I like Christmas above any time of the year. It turns gray winter into bright colors and the world with it.

I like the lights and the crowds of people who are not sad at all. They’re hurrying to do something for someone because they love them and want to please them and want to be loved and pleased in return.

In New York City, the big, lighted Christmas trees put up along Park Avenue for three weeks every year produce one of the great sights on earth.

There is a kind of glory to a lighted Christmas tree. It can give you the feeling that everything is not low and rotten and dishonest, but that people are good and capable of being elated just at the thought of being alive this year.
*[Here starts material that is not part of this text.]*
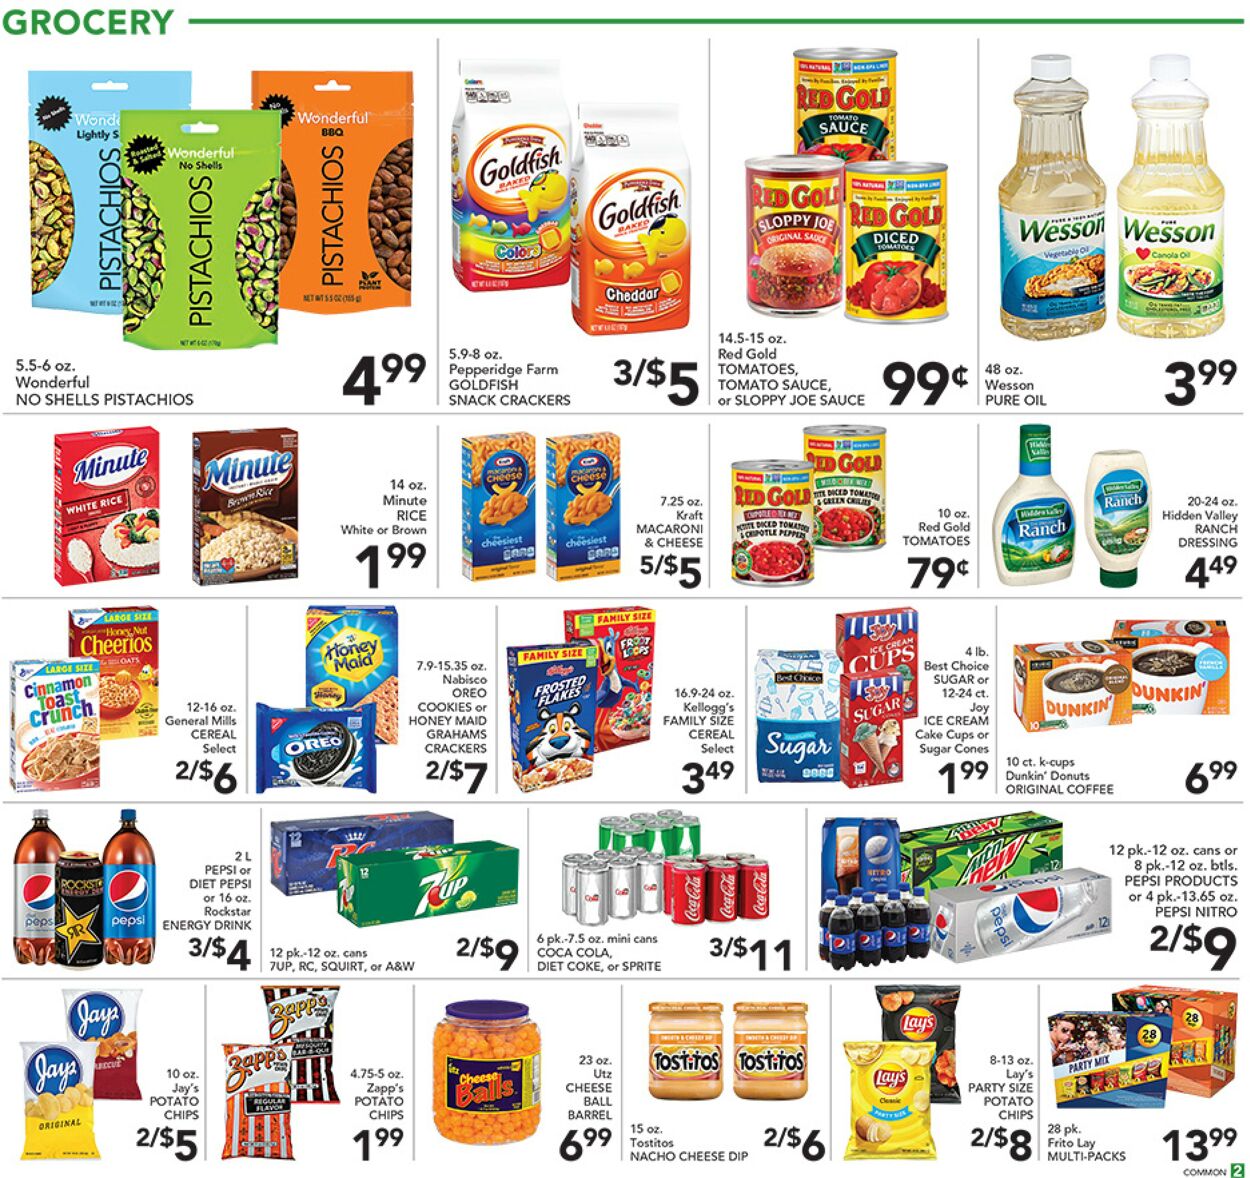 Weekly ad Pete's Fresh Market 04/27/2022 - 05/03/2022

When I’m looking at a well-decorated Christmas tree, no amount of adverse experience can convince me that people are anything but good. If people were bad, they wouldn’t go to all that trouble to display that much affection for each other and the world they live in.

Christmas Trees 199

The Christmas tree is a symbol of love, not money. There’s a kind of glory to them when they’re all lit up that exceeds anything all the money in the world could buy.

The trees in our homes do not look like the ones in public places and they ought not to. They look more the way we look, and we are all different. They reflect our personalities, and if someone is able to read palms or tea leaves and know what a person is like, they ought to be able to tell a great deal about a family by studying the Christmas tree it puts up in the living room.

Christmas trees should be real trees except where fire laws prohibit them from being real. It is better if they are fir or balsam, but Scotch pines are pretty, often more symmetrical and sometimes cheaper.

Nothing that is blue, gold, silver, pink or any color other than green is a Christmas tree.

A lot of people are ignoring the Christmas tree tradition, but just to review it, it goes like this:

You put up the Christmas tree Christmas Eve. You do not put it up three weeks in advance or three days in advance.

If you have young children, you put them to bed first.

As the children get older, you let them help decorate the tree.